The judgment: PBT's cost is the skill of finding properties and slightly slower tests; its payoff is finding the bug class you'd never enumerate. Spend it where invariants are clear and bugs are expensive.


Real-World Examples

  • A connection pool. Stateful PBT generates acquire/release/timeout sequences; invariant: leased + idle == total, never over capacity, no double-lease. Finds the "release twice" and "leak on exception" bugs.
  • A JSON/Protobuf codec. Round-trip across a recursive generator finds the unicode, deep-nesting, and integer-boundary losses; the failure pins as an @example.
  • An interval/calendar library. Metamorphic + invariants on overlap/merge; stateful add/remove sequences catch the "merge leaves a gap" bug.
  • A CRDT. Commutativity and convergence are the correctness laws; PBT is essentially the spec.

Mental Models

  • Stateful PBT generates programs, not values. The counterexample is a minimal script that breaks your system.
  • Determinism first, seeds second. If a failure won't reproduce, the property is non-deterministic — fix that before blaming randomness.
  • Find with PBT, pin with @example. Every discovered bug becomes a permanent, seed-independent regression.
  • PBT and fuzzing are cousins, not twins. Logical invariants vs. crash-hunting; a parser wants both.

Common Mistakes

  • Non-deterministic properties. Reading the clock/RNG/network inside the property makes failures irreproducible and seeds useless.
  • Random seed on the blocking PR gate with no plan for the surprise red build. Use fixed seed on the gate, random seed nightly.
  • Skipping the model in stateful tests. Asserting ad-hoc facts after each command misses divergences; a real model catches them.
  • Letting a discovered counterexample evaporate. If you don't pin it with @example, the next seed may never find it again.
  • Forcing PBT onto glue code. No invariant ⇒ no value; use the right test type.
  • Confusing PBT with fuzzing and writing both in the wrong section — keep coverage-guided fuzzing in dynamic-analysis.

Test Yourself

  1. Describe the four pieces of a stateful/model-based test and what each contributes.
  2. A PBT failure won't reproduce from the reported seed. What's the most likely cause and fix?
  3. Contrast fixed-seed and random-seed CI strategies; when do you use each?
  4. How do you turn a discovered counterexample into a durable regression?
  5. Give one system where PBT is high ROI and one where it's a poor fit, with reasons.
  6. How does coverage-guided fuzzing differ from PBT, and where is it documented?

Cheat Sheet

# Stateful (Hypothesis)
class M(RuleBasedStateMachine):
    @rule(x=st.integers()) ...        # generated commands
    @precondition(lambda self: ...)   # legality guard
    @invariant() ...                   # checked after every step

# Determinism + reproducibility
# - inject clock/RNG; never read them inside the property
# - on failure: capture the seed from the log
# - fast-check: fc.assert(p, {seed, path}) ; Hypothesis: @reproduce_failure / .hypothesis DB

# CI strategy
# PR gate     -> fixed seed, modest max_examples (stable, reproducible)
# nightly     -> random seed, high max_examples  (exploratory, reproducible via reported seed)
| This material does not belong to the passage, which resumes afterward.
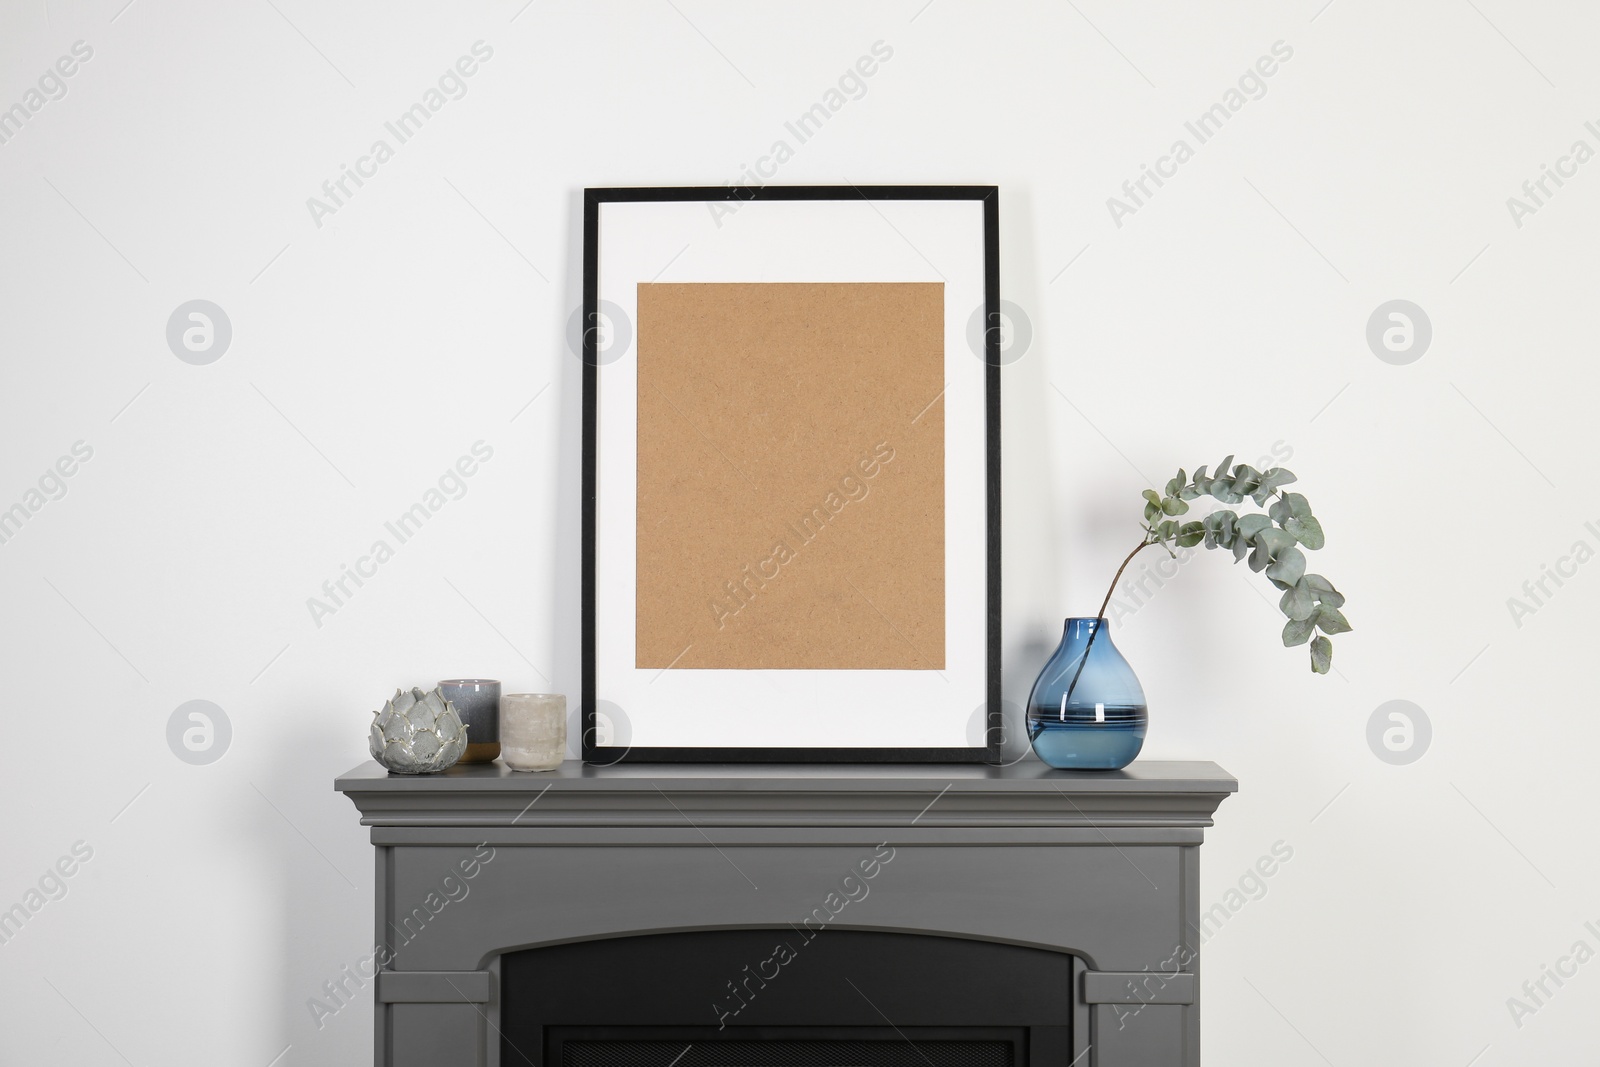 Photo of Empty frame, candles and eucalyptus branch in vase on fireplace near white wall indoors. Interior design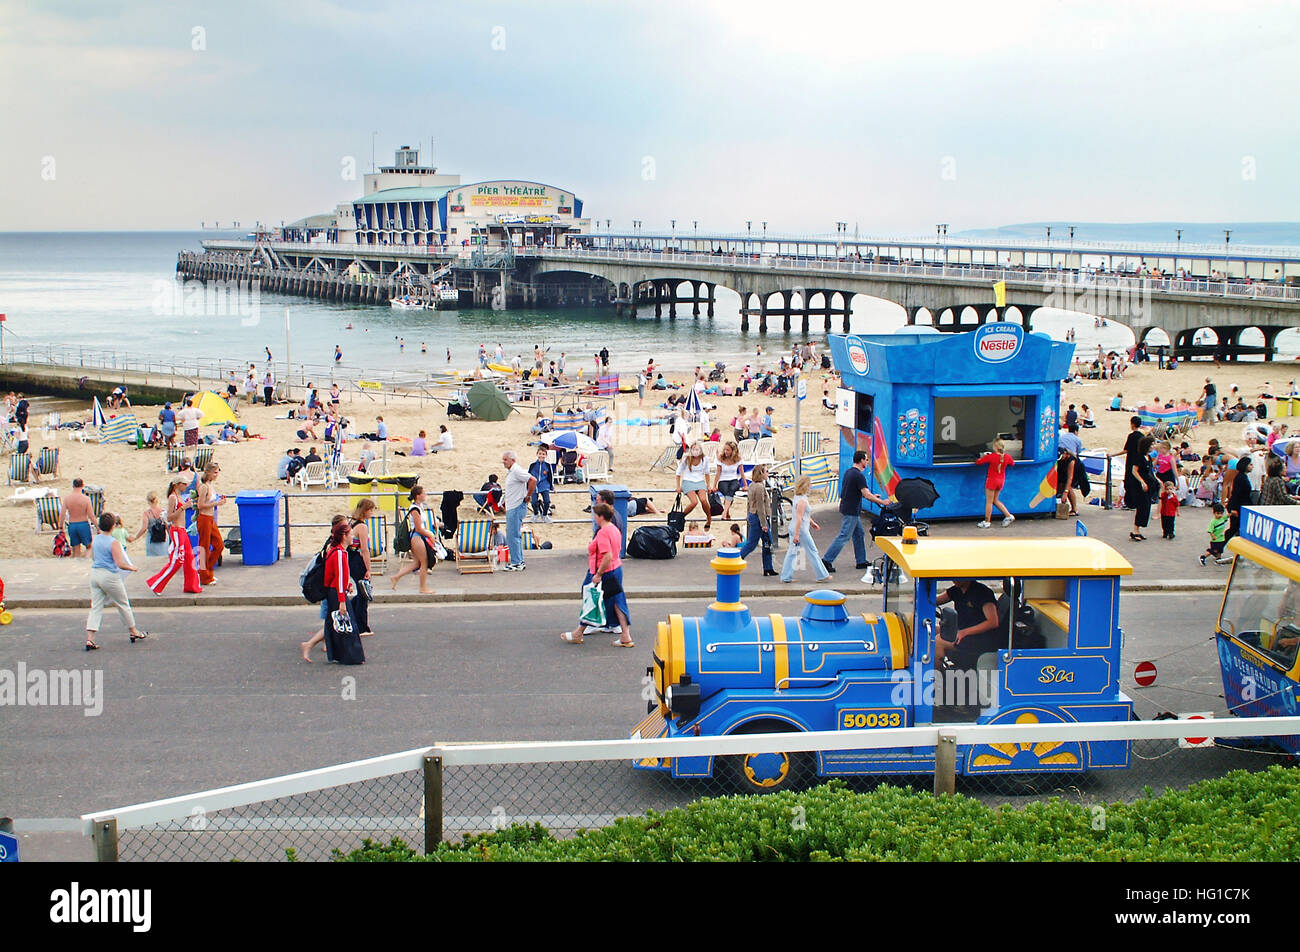 Bournemouth's promenade land train, seafront, and pier in the background. Stock Photo

# Regression: find with PBT, pin with @example(<shrunk counterexample>)

Summary

Stateful/model-based PBT generates random sequences of operations and checks the system against a simple model, finding ordering and lifecycle bugs that single-call properties miss — and it shrinks the failing program to a minimal script. Reproducibility rests on seeds and on deterministic properties; if a failure won't replay, fix the property's determinism first. Run deterministic (fixed-seed) PBT on the merge gate and exploratory (random-seed, reported) PBT nightly to get bug-finding power without flaky gates. Always pin discovered counterexamples with @example. PBT pays off most on parsers, data structures, codecs, and protocols with clear invariants; it's a poor fit for invariant-free glue. The professional level covers PBT as specification, org-wide adoption, and combining it with mutation testing.


Further Reading

  • John Hughes, "Testing the Hard Stuff and Staying Sane" (QuviQ / Erlang QuickCheck) — the stateful-PBT classic.
  • Hypothesis docs — "Stateful testing" and "Reproducing failures."
  • fast-check docs — "Model based testing" and "Replay a failure."
  • The property-based-testing skill (stateful patterns and seed discipline).